**Exercise**
Pictures are not part of the answer. Write out exactly the lines from the one containing "Matt Black Pottery Bowl by Spencer" through the end of the material below.

**Source material**
--------------------------------------------------

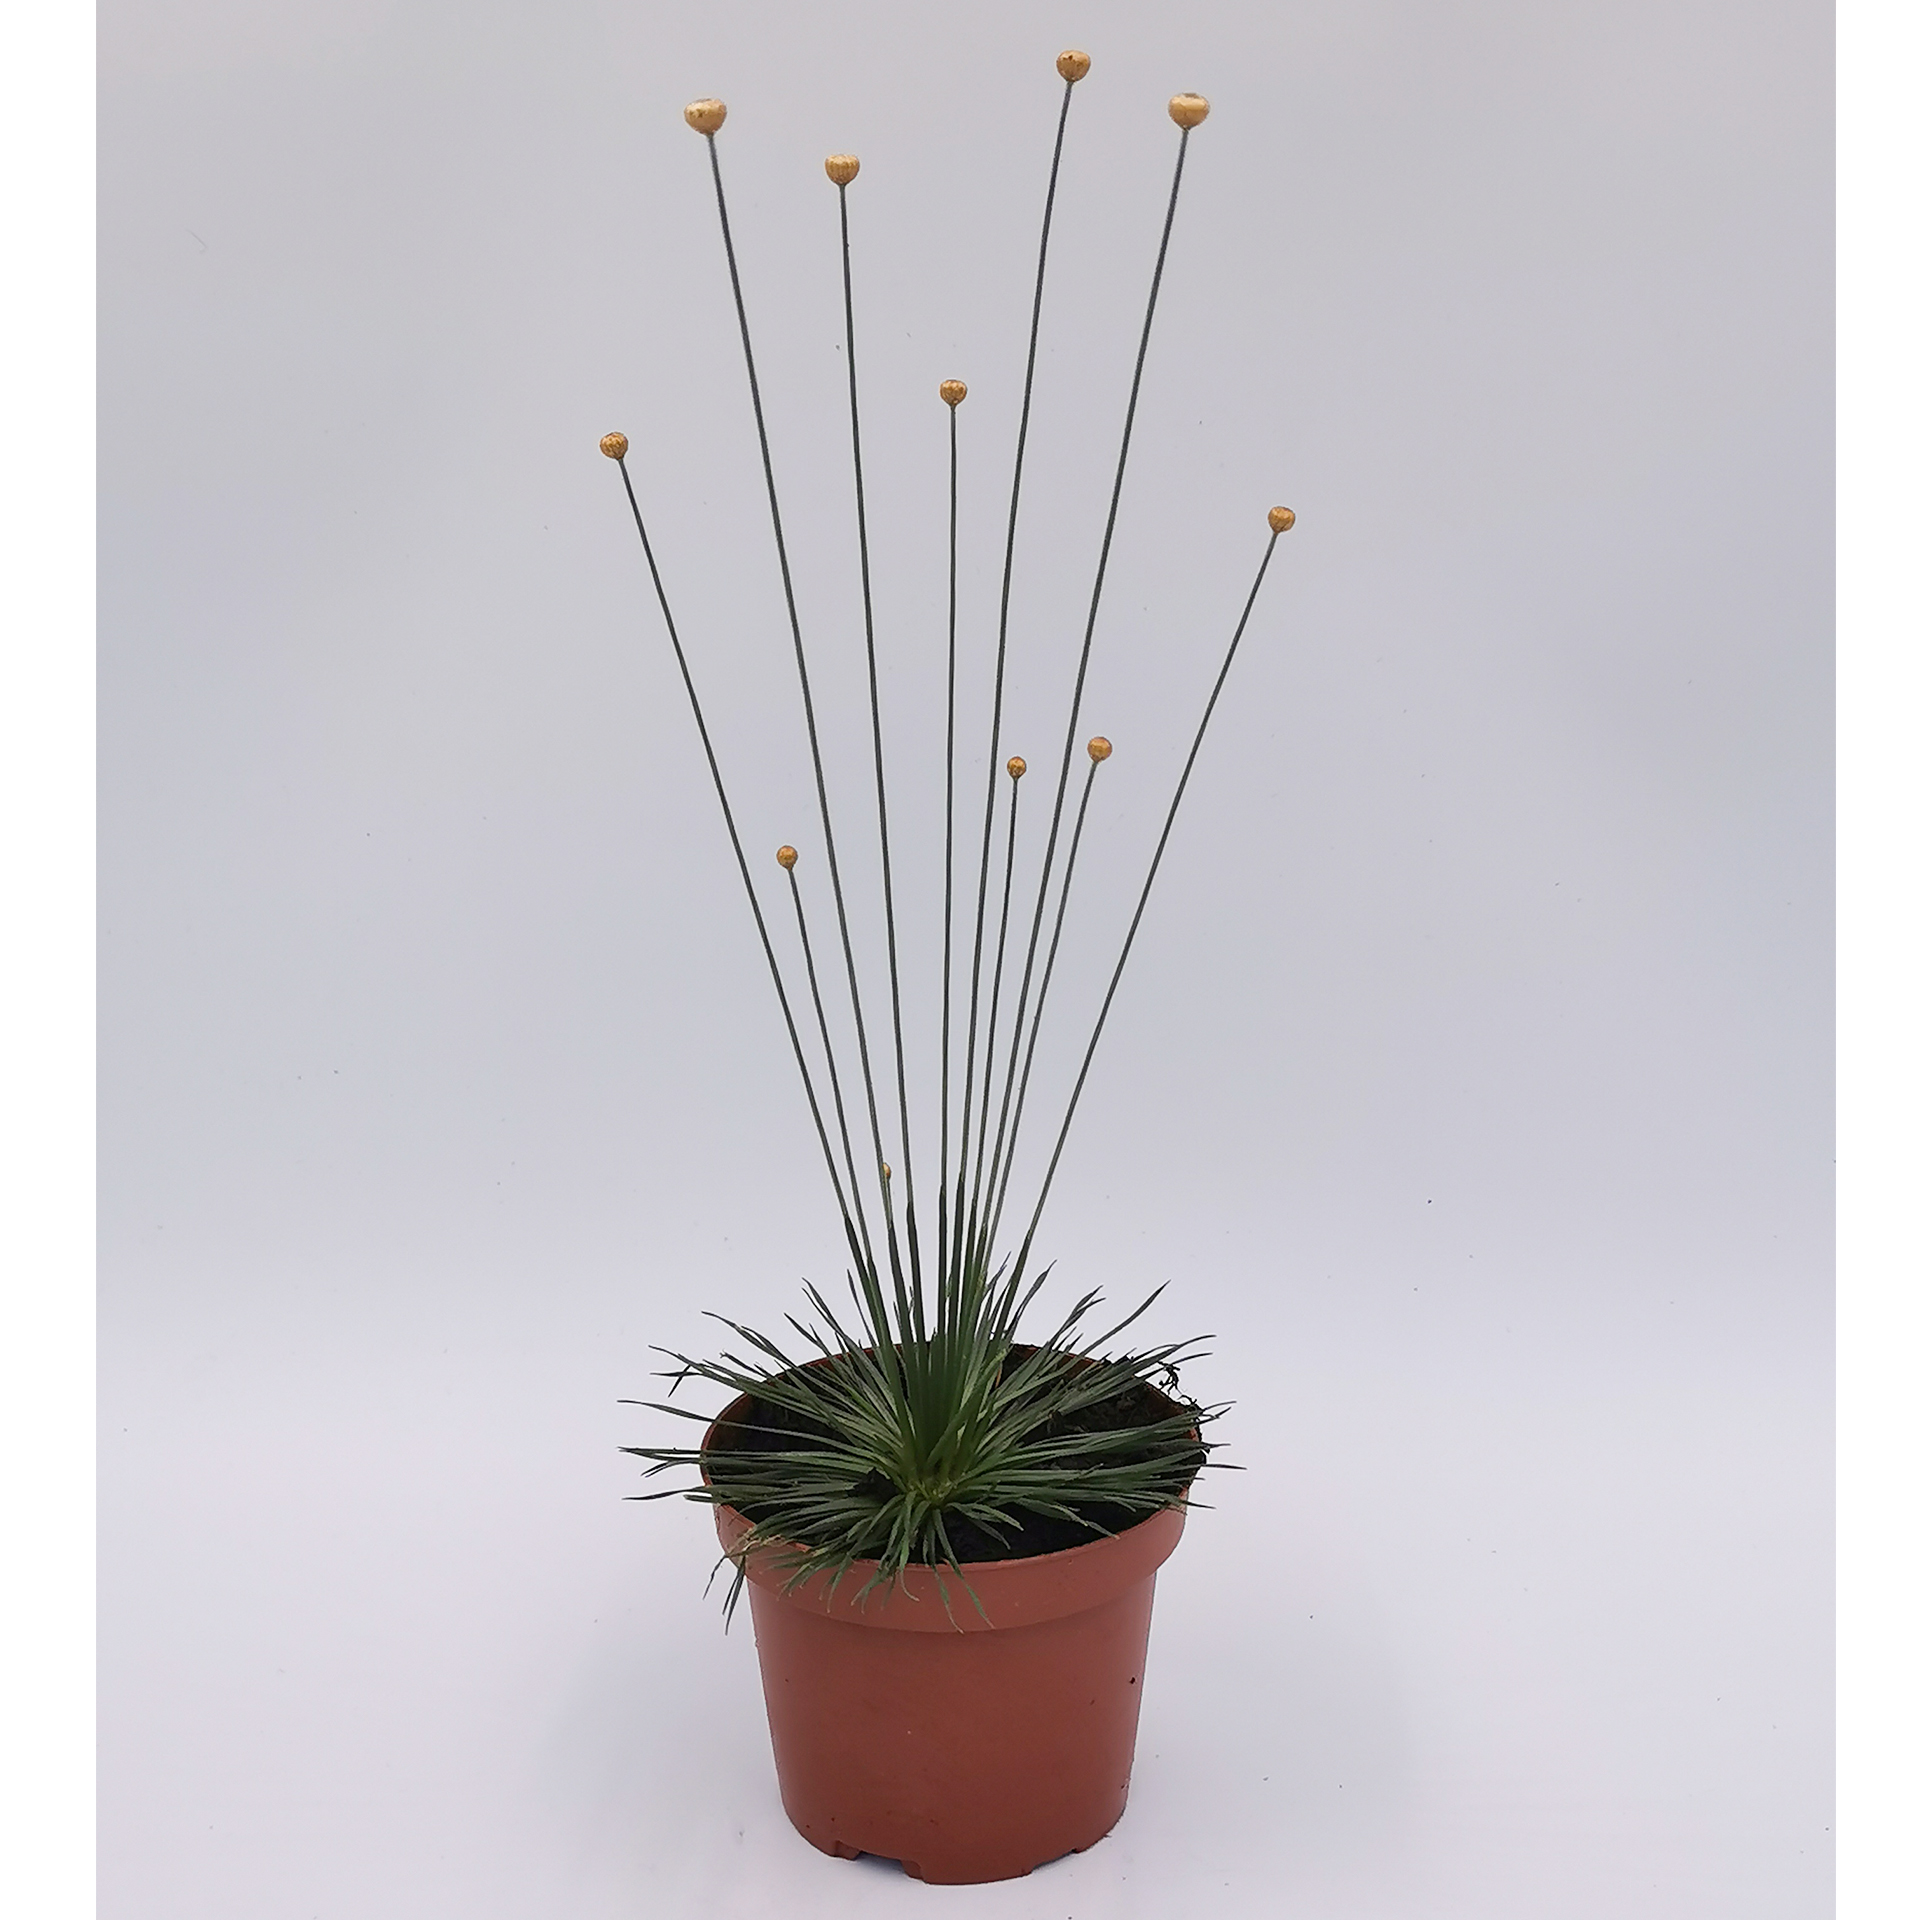 Mikadopflanze - Syngonanthus chrysanthus 'Mikado', 9cm Topf
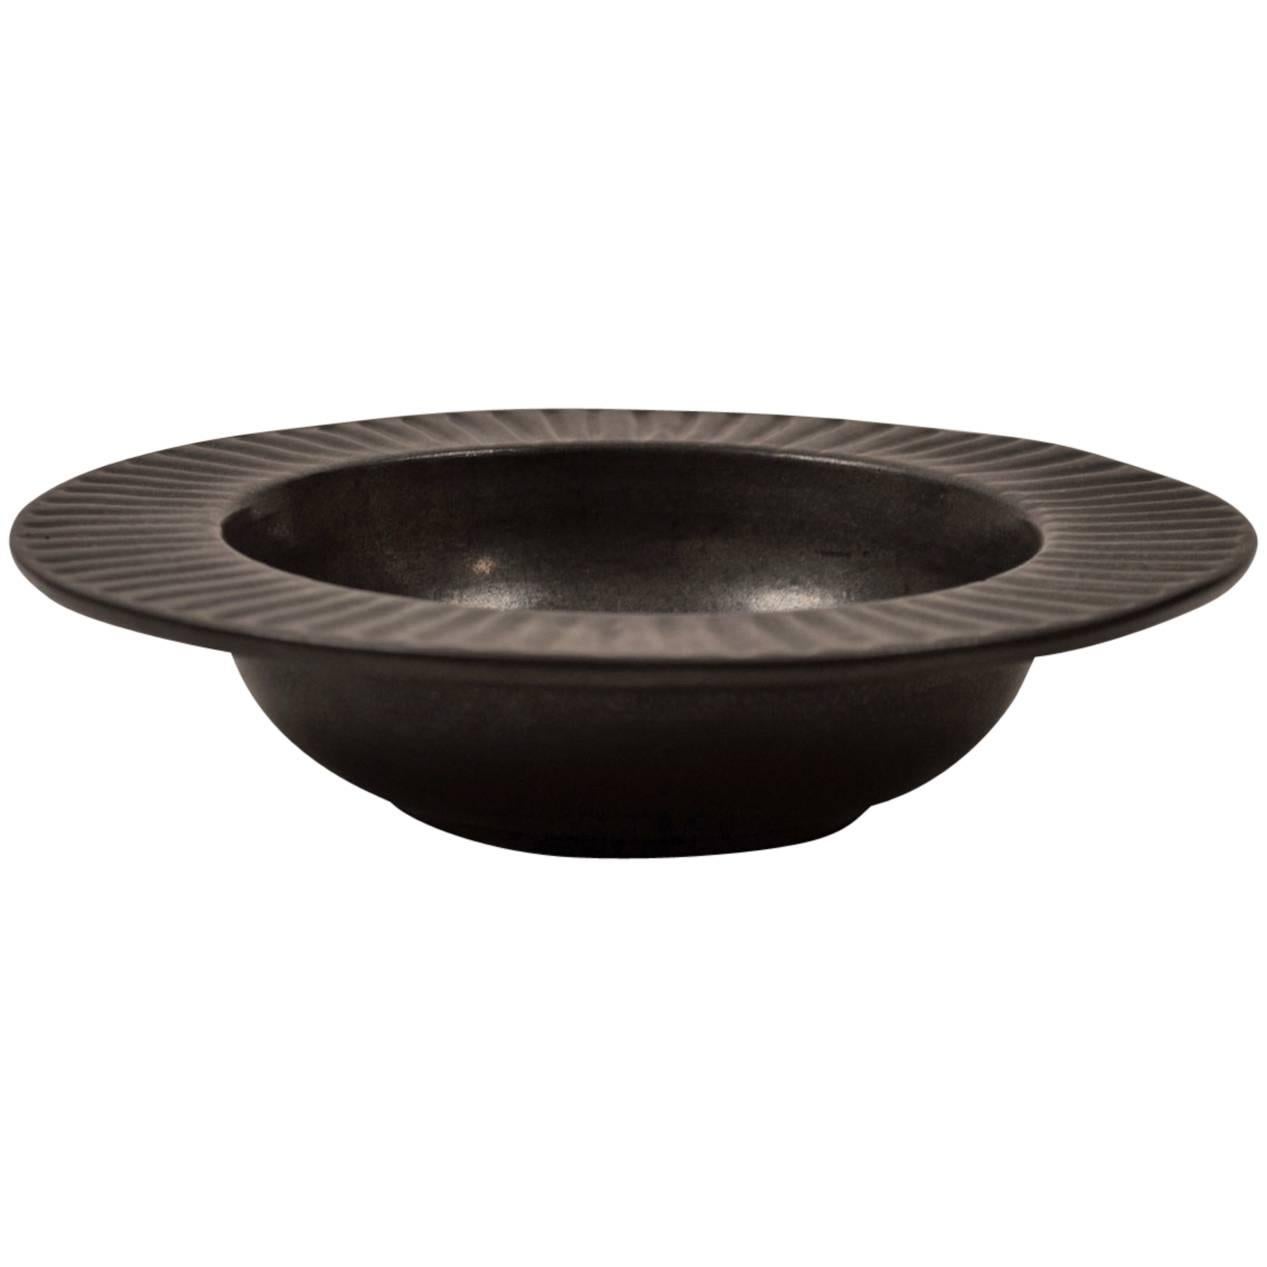 Matt Black Pottery Bowl by Spencer
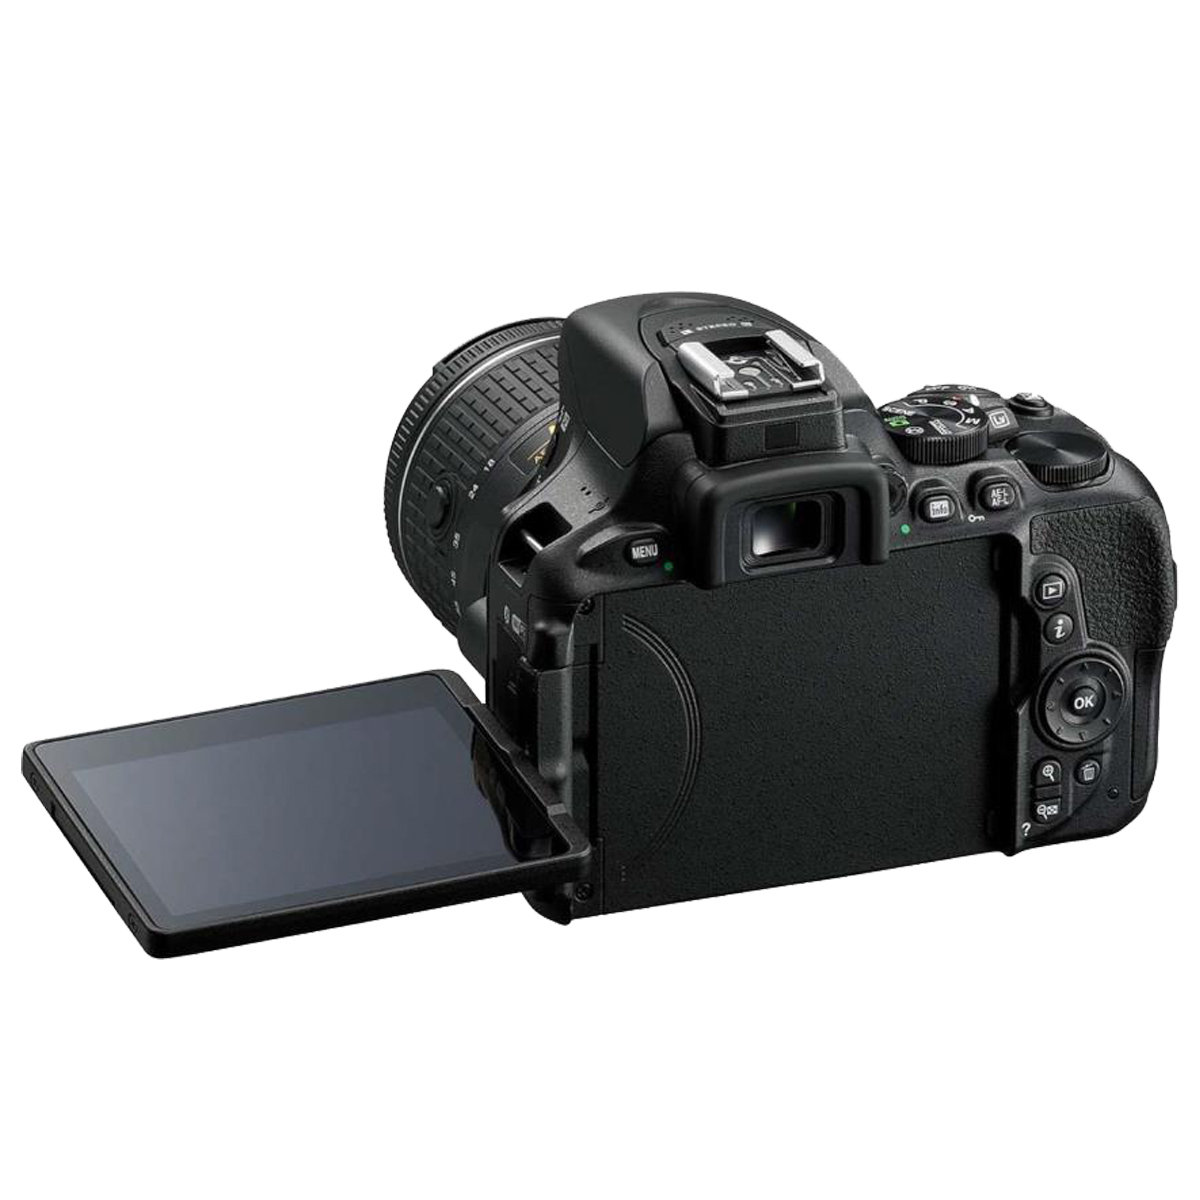 Spiegelreflexkamera VR Black, DSLR-Kamera 18-55 Objektiv WLAN- LCD, + mm AF-P f/3.5-5.6G NIKON D5600

--------------------------------------------------

**Result of this exercise**
 Matt Black Pottery Bowl by Spencer
 Spiegelreflexkamera VR Black, DSLR-Kamera 18-55 Objektiv WLAN- LCD, + mm AF-P f/3.5-5.6G NIKON D5600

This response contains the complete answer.